▸ **Goal of the exercise**:
Repeat each line of the data below exactly, but skip the pictures.

▸ **Data provided**:
⁂

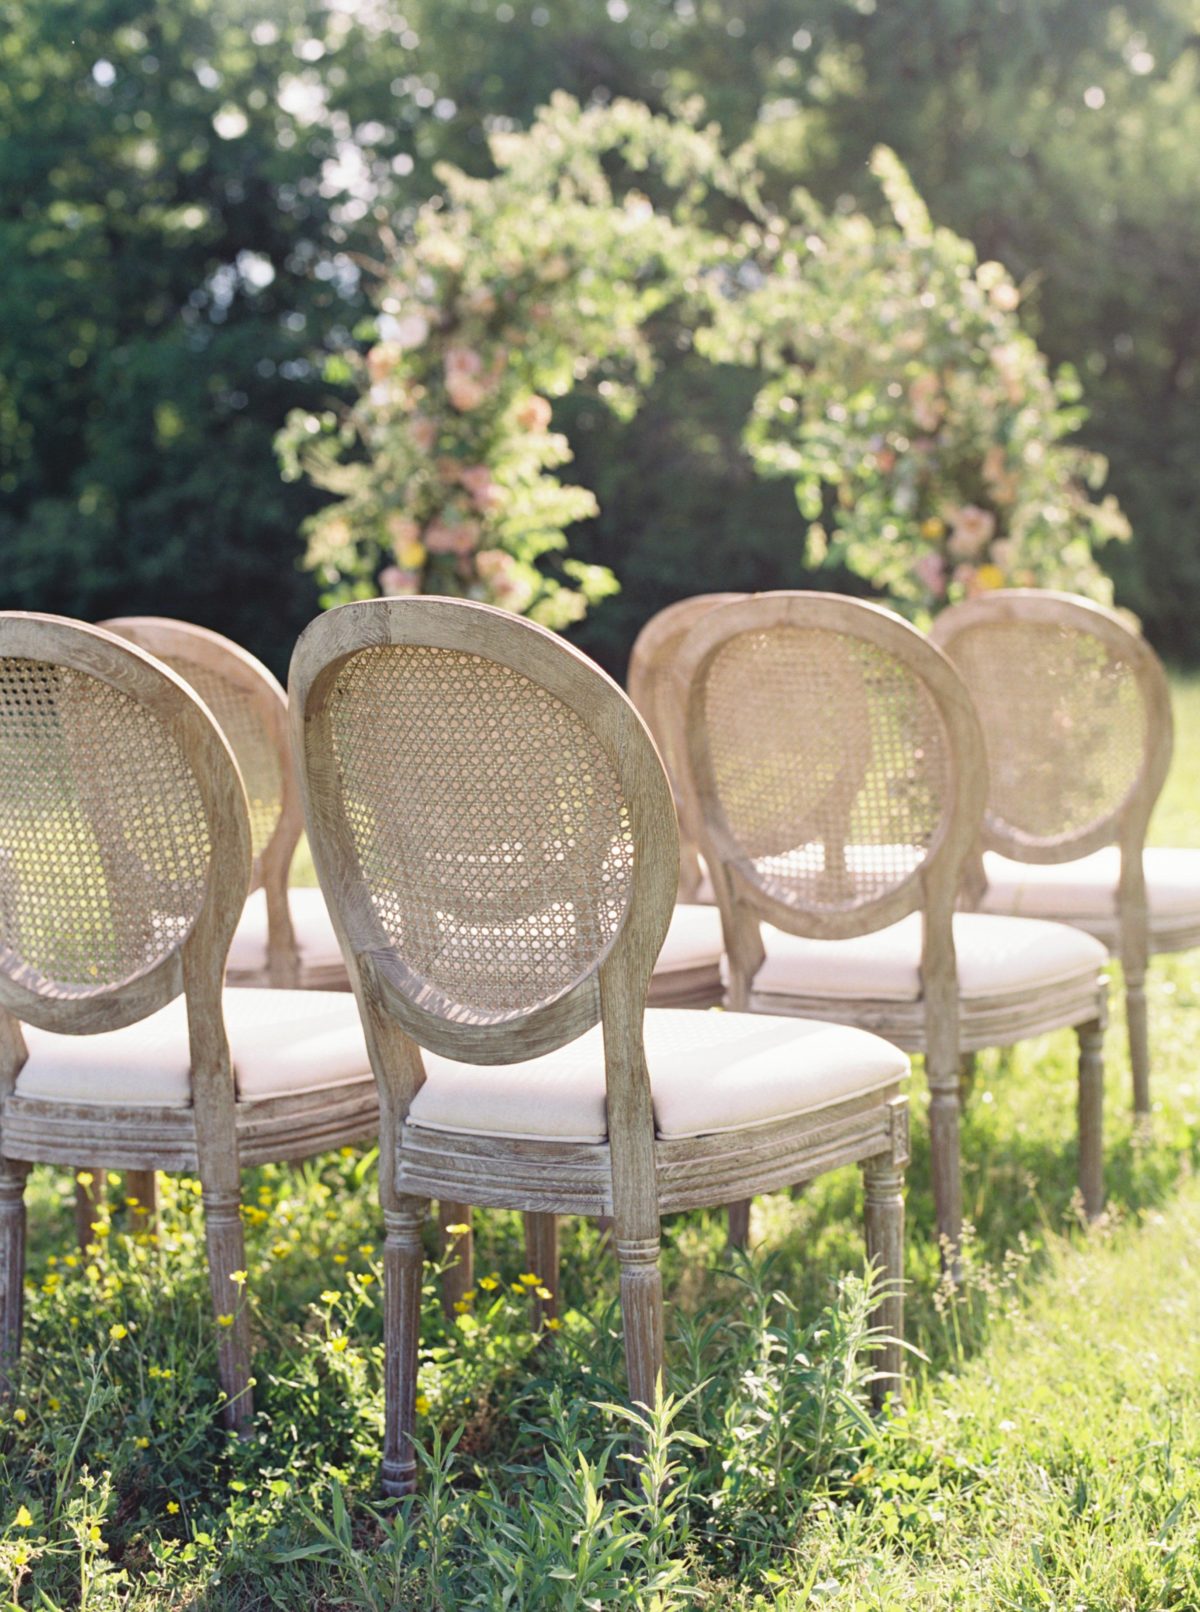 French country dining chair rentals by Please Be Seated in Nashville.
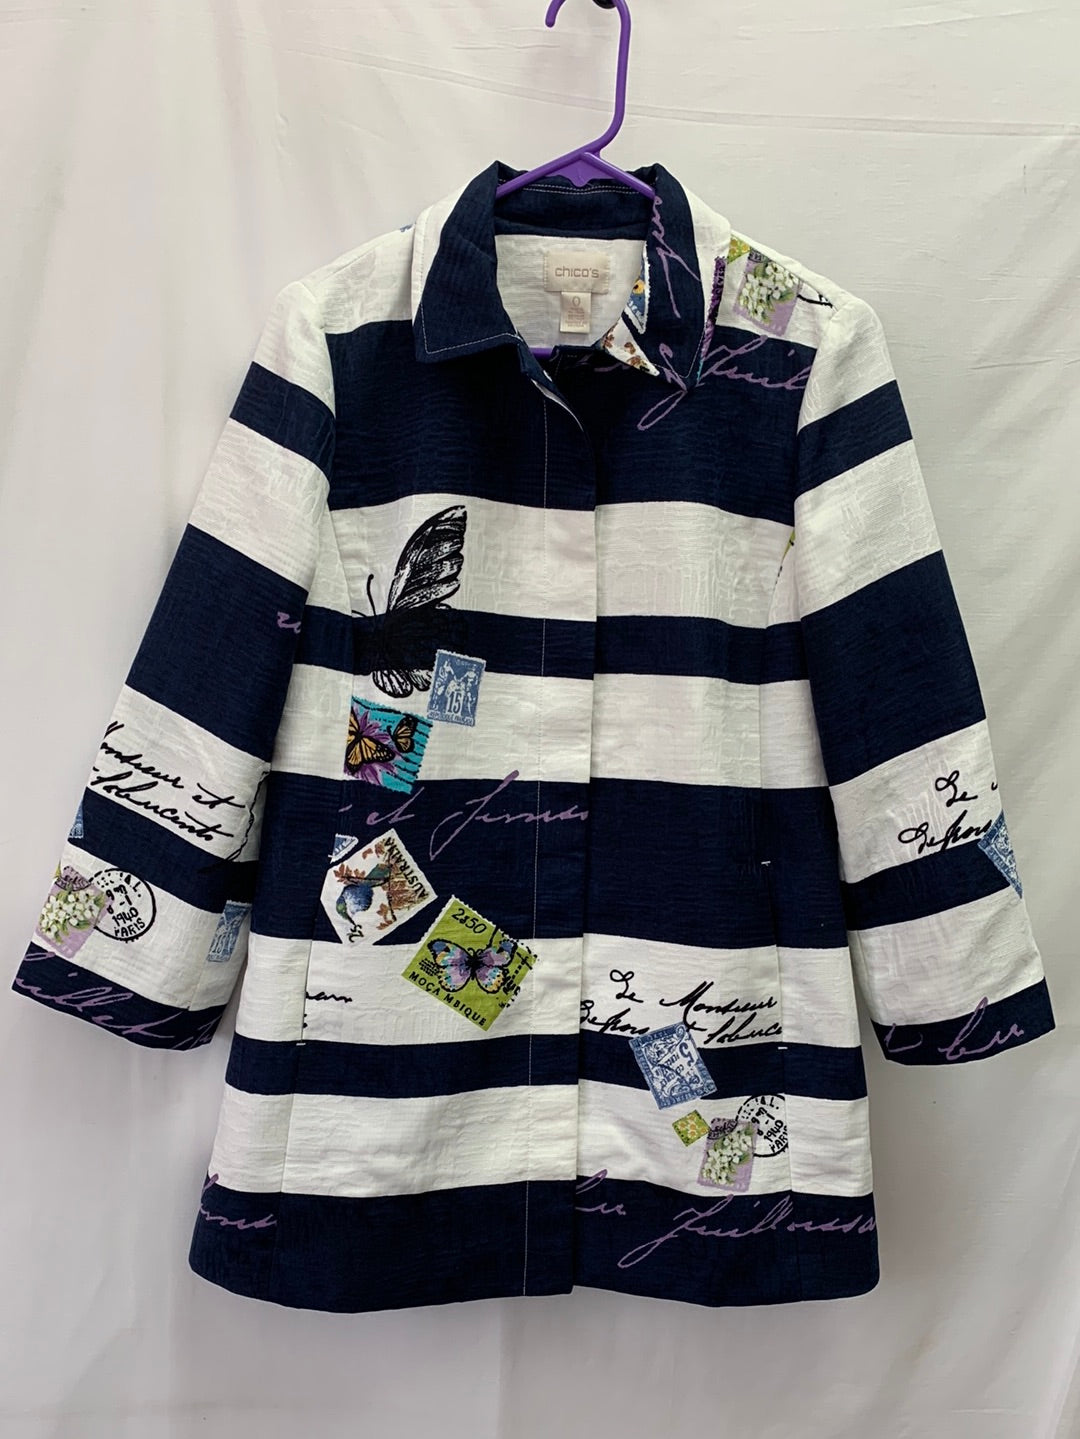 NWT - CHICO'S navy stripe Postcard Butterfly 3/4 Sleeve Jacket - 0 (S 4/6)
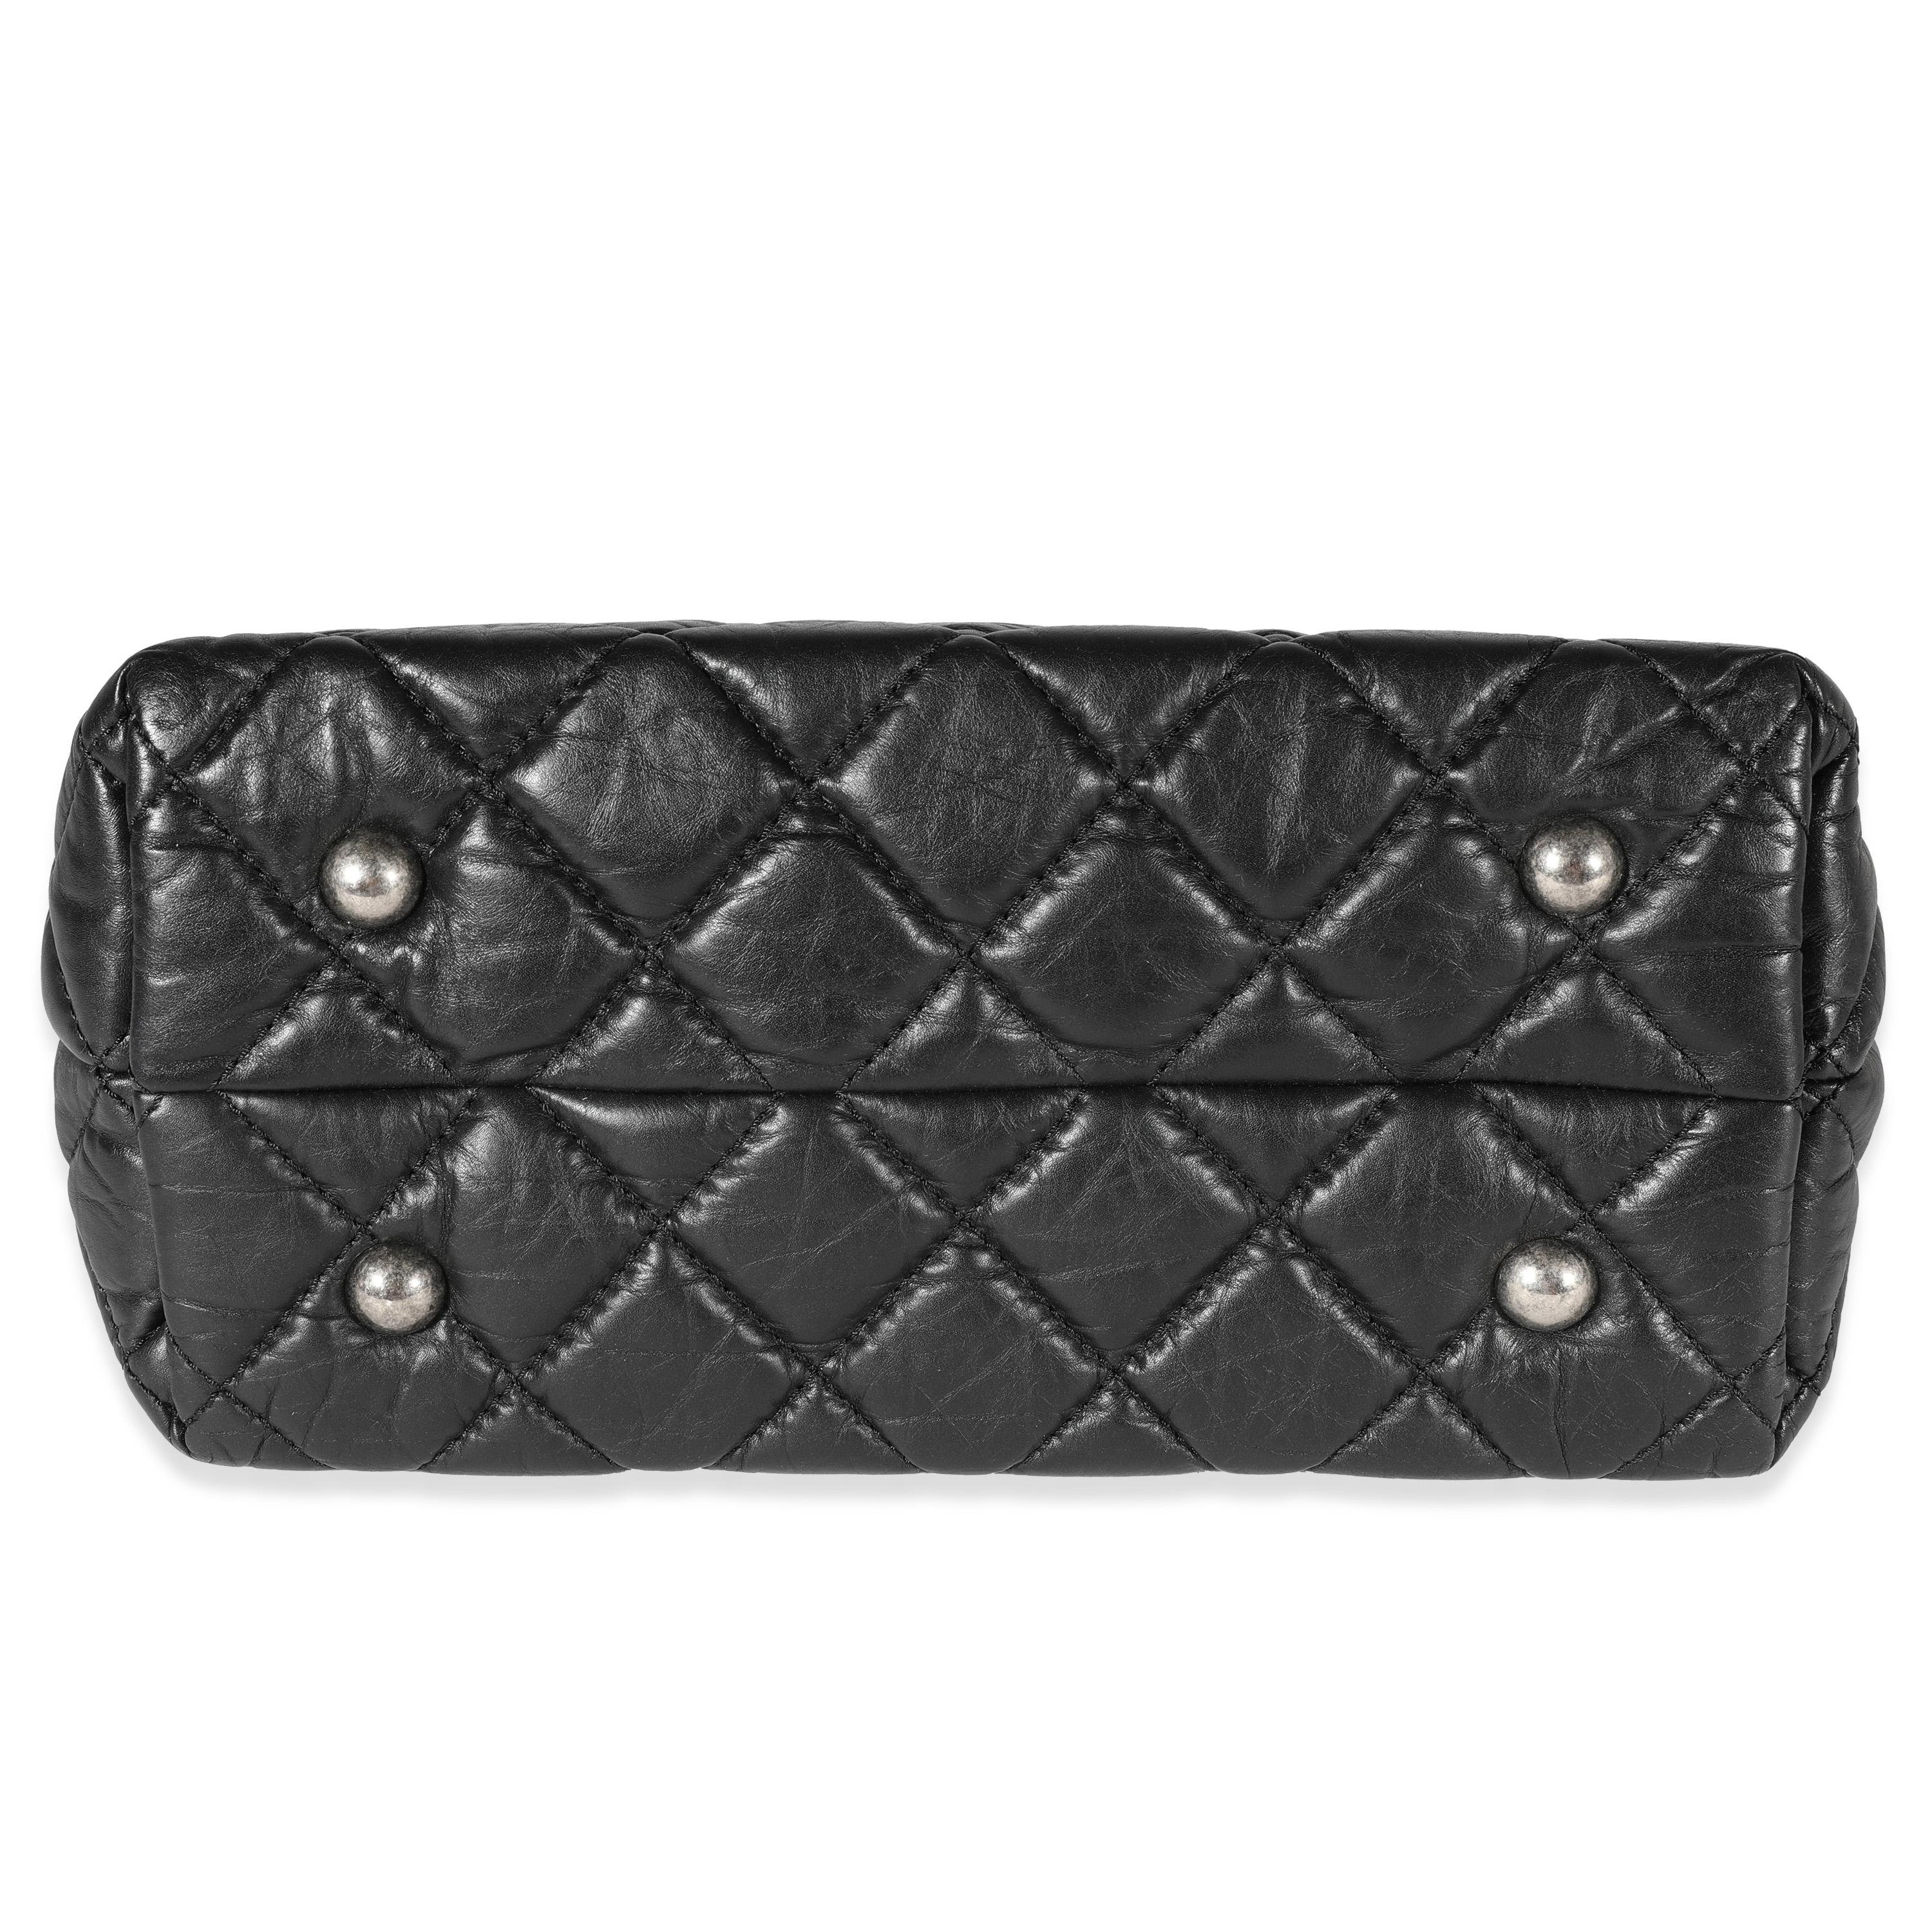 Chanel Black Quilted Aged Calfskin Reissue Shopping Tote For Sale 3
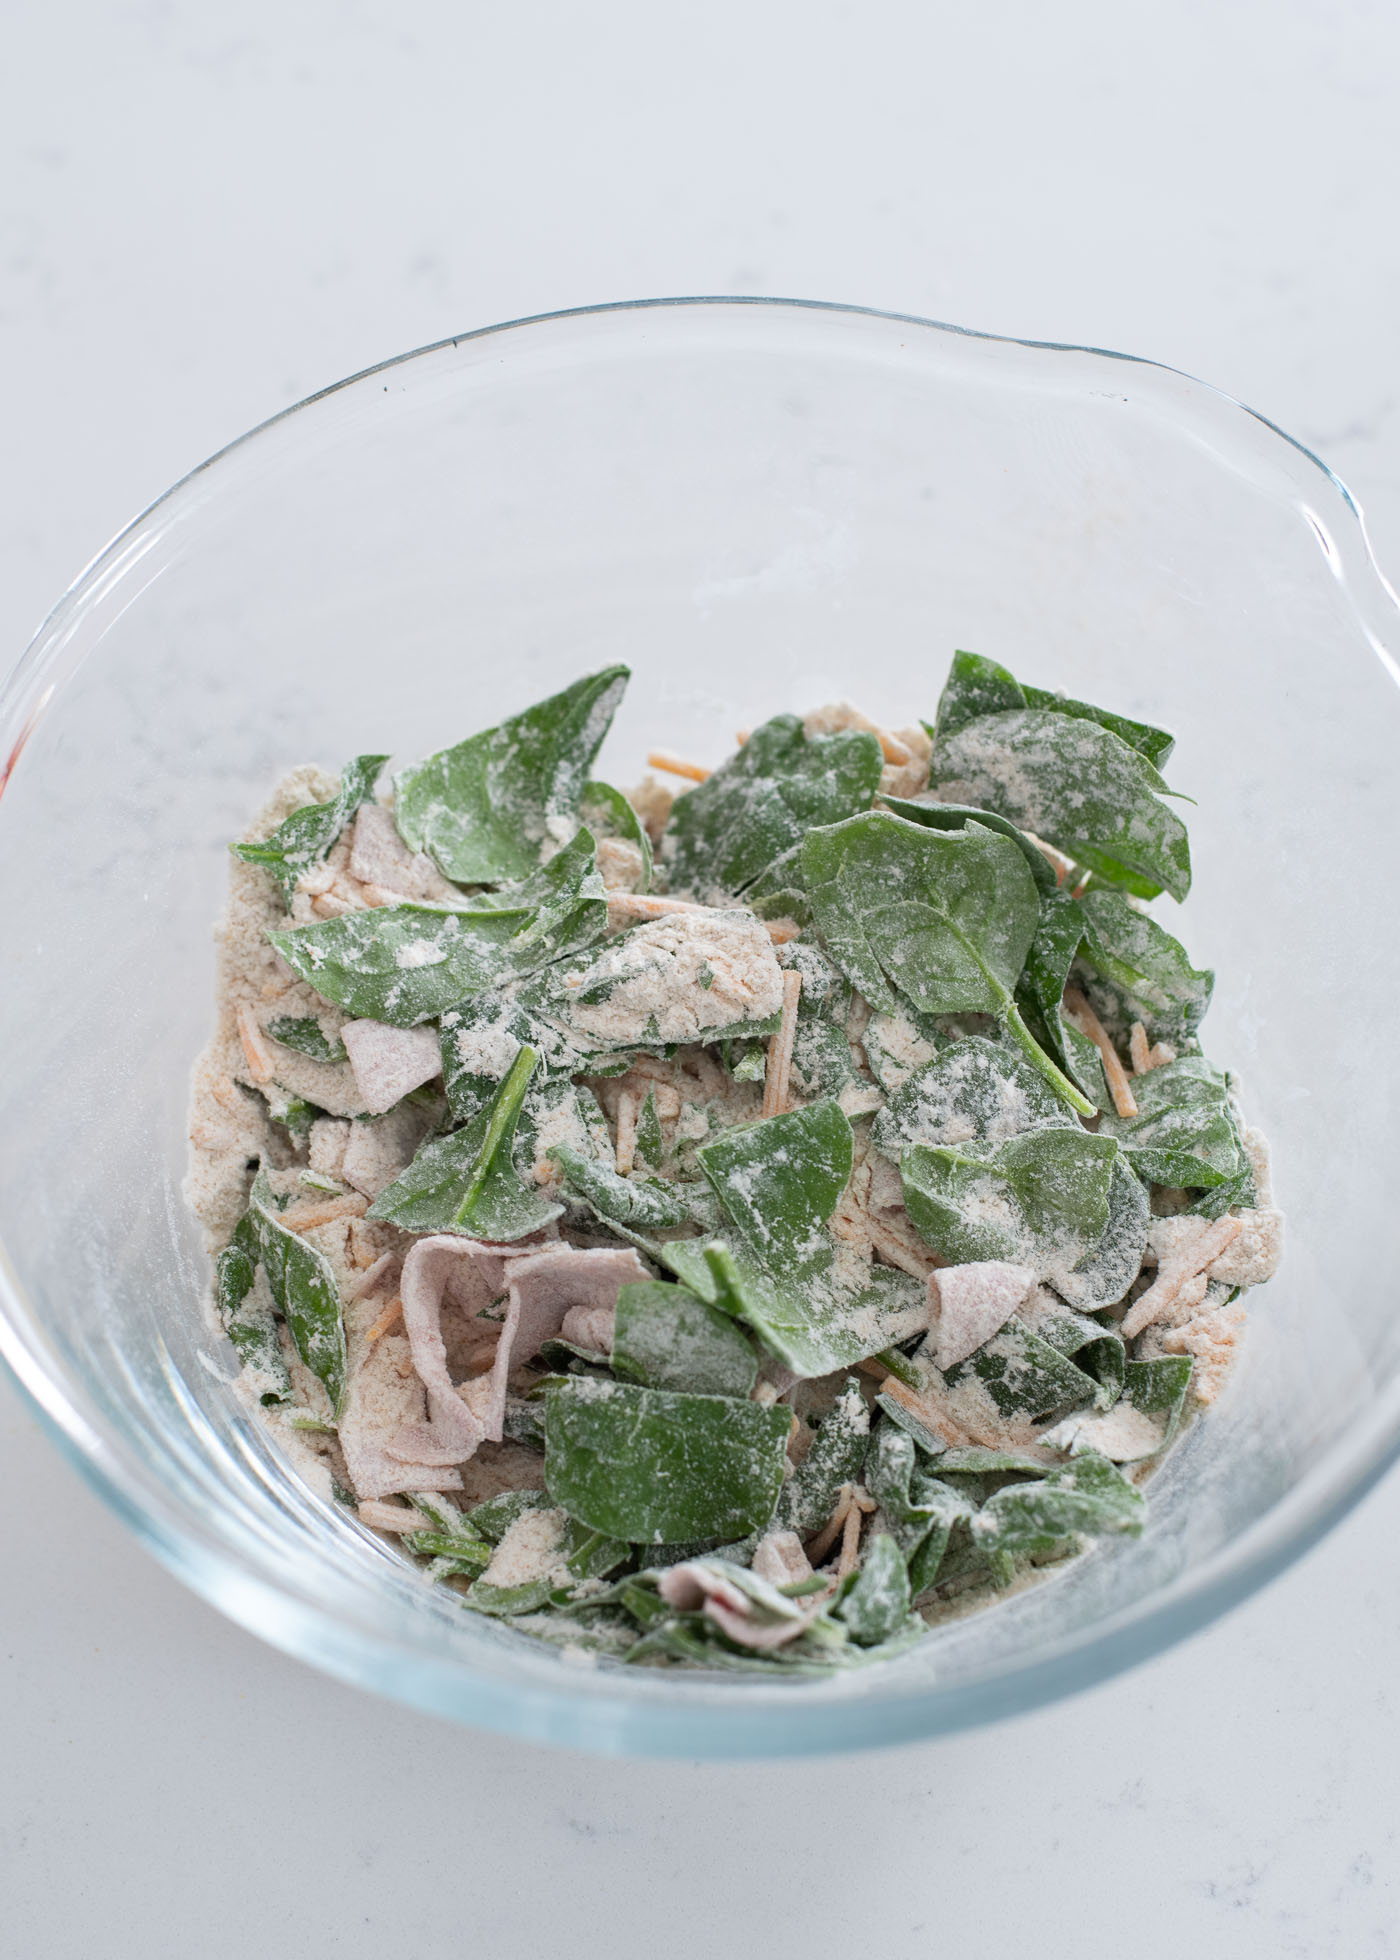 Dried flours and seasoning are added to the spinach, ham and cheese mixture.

⁂

▸ **Exercise output**:
 French country dining chair rentals by Please Be Seated in Nashville.
 NWT - CHICO'S navy stripe Postcard Butterfly 3/4 Sleeve Jacket - 0 (S 4/6)
 Chanel Black Quilted Aged Calfskin Reissue Shopping Tote For Sale 3
 Dried flours and seasoning are added to the spinach, ham and cheese mixture.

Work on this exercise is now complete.